Anyone else read this? I'm quite late to the party as it's already been praised to the heavens, especially by Andy Miller who says it's the best British book of the last 20 years or something.
It's quite a slight novel ostensibly about the narrator's relationship with her mum and dad. It's very funny in places - won't look at Derek Hatton again without fist-puming and saying Go Deggsy! - and I think it would reward repeat readings. The prose absolutely crackles in places. Really recommend it.

dontpaintyourteeth

Yes, I read it all in one sitting! I think he's right, it's a wonderful book.

holyzombiejesus

I did
Quote from: dontpaintyourteeth on January 22, 2023, 12:58:17 PMYes, I read it all in one sitting! I think he's right, it's a wonderful book.

I did too, long foggy bus ride.

I'd got a bit bored with Riley's schtick but this was so good and it made me appreciate the older stuff more. Miller talks about it on some Radio 4 book programme and he says that whilst she has a rather narrow thematic range, it's interesting how she revisits those themes and subjects and how they change.

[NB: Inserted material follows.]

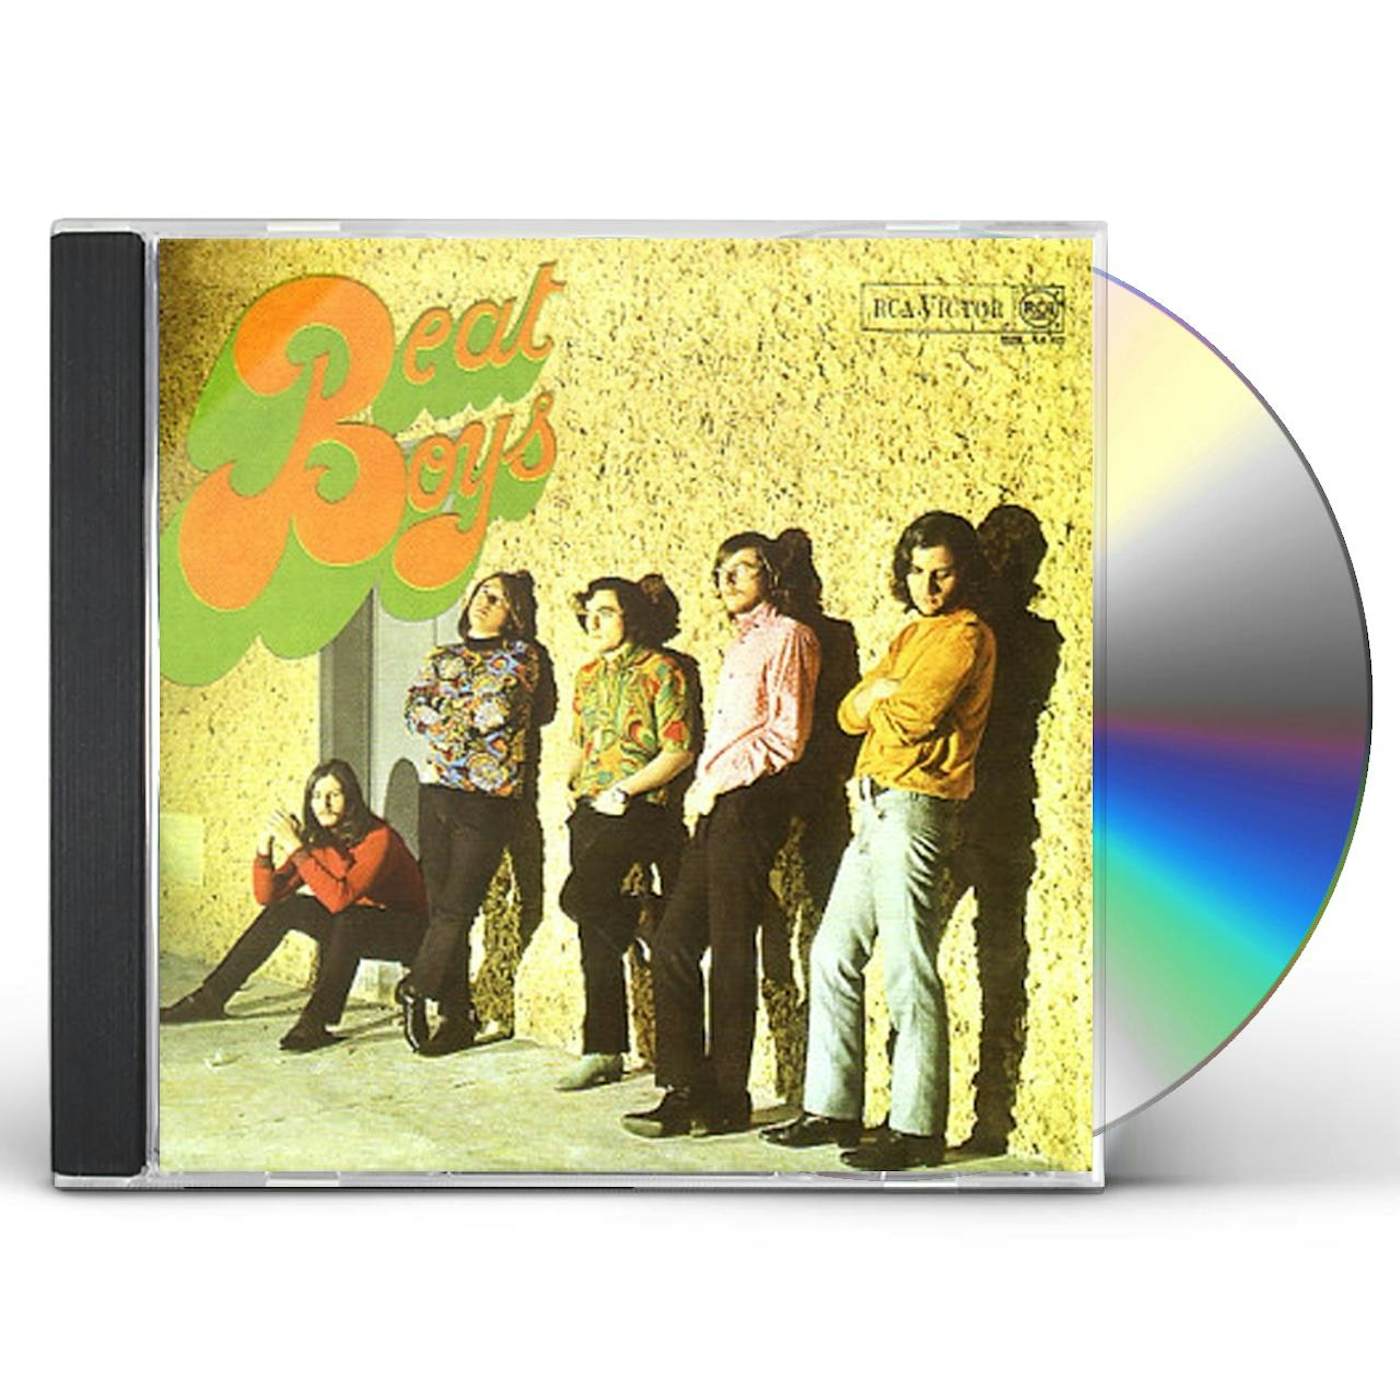 BEAT BOYS CD

I hung around with the same people as GR when she lived in Manchester and me and my mate were besotted. She NEVER smiled! I can remember trying so hard to impress her on the few occasions we met and I will have done quite the opposite. Dread reading one of her books and there being a tedious wanker who loves The Pastels in it. (Actually, that gives me a good idea for a thread.)

wrec

I loved this. It's absolutely brutal. Family relationships reduced to repeated patterns of platitudes and passive-aggressiveness, lives of desolation and disappointment built around shallow, unsatisfying friendships of convenience and unfulfilling pastimes: it feels like very commonplace stuff that I haven't seen tackled elsewhere, and much of it felt (thankfully only partially) familiar to me.  I've known a few women with similarly bewilderingly competitive mothers. But the general family dysfunction struck me as very English in character somehow - e.g. deep emotional cracks papered over by shallow breeziness - does that make sense?

I read First Love after that, and the horrible fathers are tellingly similar in both books.

I like writers who find their theme and do the same thing repeatedly with minor variations. She reminds me of Anita Brookner in this and other ways.